Prevalence of Lithuanian mutation among St. Petersburg Jews with familial hypercholesterolemia.

We used polymerase chain reaction-single-strand conformation polymorphism (PCR-SSCP) analysis to detect LDL receptor gene defects in the St. Petersburg population. We have found a deltaG197 mutation in several patients of Jewish origin. The mutation named is shown to be responsible for one-third (7/23) of familial hypercholesterolemia (FH) cases in St. Petersburg Jews and absent in patients of Russian descent. The prevalence of a deltaG197 mutation in St. Petersburg Jews is consistent with its origin in Lithuania or Poland. The deltaG197 mutation can be easily detected in polyacrylamide minigels because of formation of specific heteroduplexes during PCR with DNA of heterozygous patients. Taken together with high prevalence of the mutation in St. Petersburg Jews, this observation provides an opportunity for DNA diagnostics of FH in this ethnic group.
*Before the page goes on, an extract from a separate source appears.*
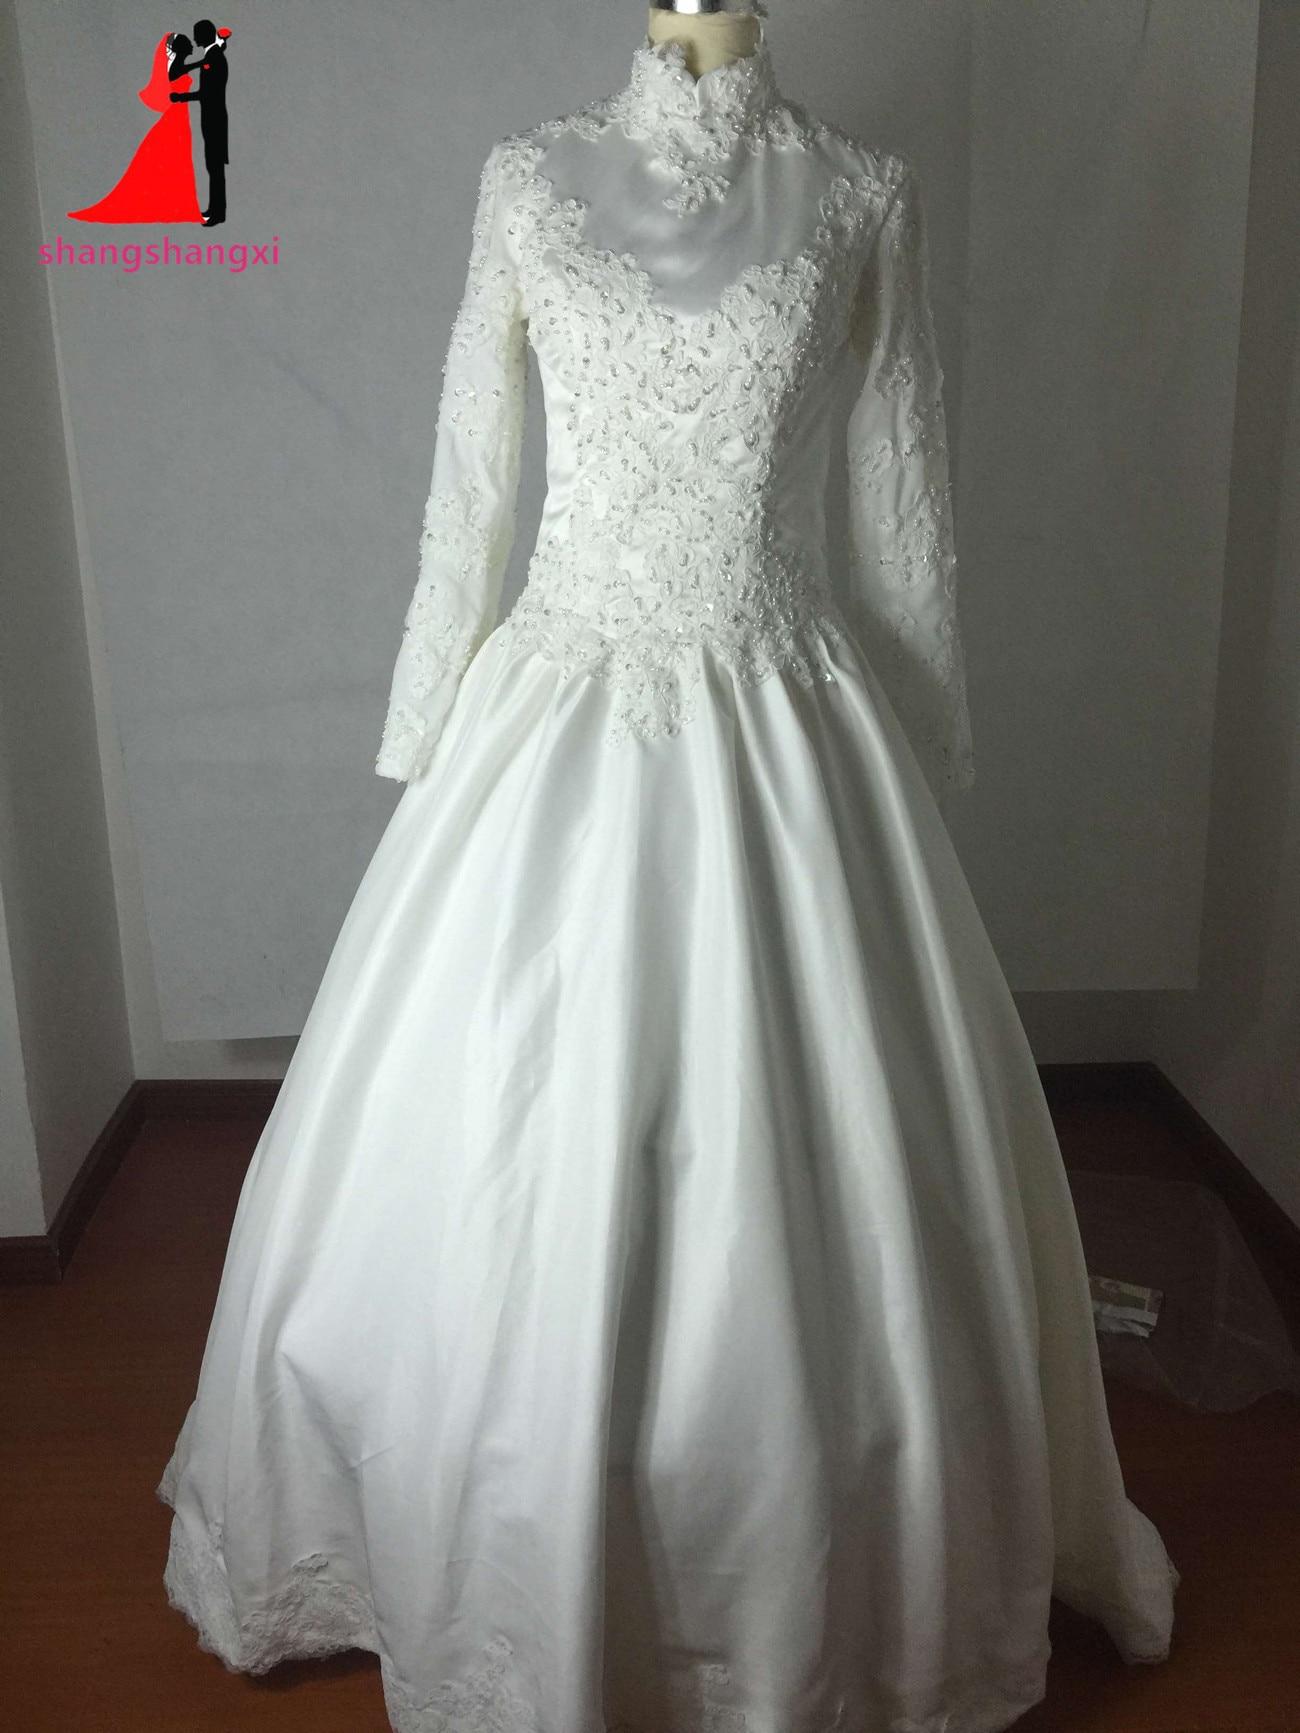 Quinceanera Muslim Dresses Reviews Line Shopping Fresh Wedding Online China

Two novel low-density lipoprotein receptor gene mutations (E397X and 347delGCC) in St. Petersburg familial hypercholesterolemia.

Familial hypercholesterolemia (FH), a monogenic disease known to be caused by low-density lipoprotein receptor (LDLR) gene mutations, results in the development of premature atherosclerosis and coronary artery disease in affected individuals. The spectrum of LDLR gene mutations in Russia is poorly known. Using polymerase chain reaction (PCR)-single-strand conformational polymorphism (SSCP) analysis, followed by DNA sequencing, we have screened selected exons of the LDLR gene in 80 unrelated St. Petersburg FH patients for the presence of mutations. Two new LDLR gene mutations, 347delGCC and E397X, were characterized among individuals with familial hypercholesterolemia in St. Petersburg. The carriers of both mutations possessed highly elevated blood serum cholesterol. Cosegregation of E397X mutation and LDLR gene RFLP haplotypes with hyperlipidemia was demonstrated by family study. Both mutations seem to be specific to Slavic patients.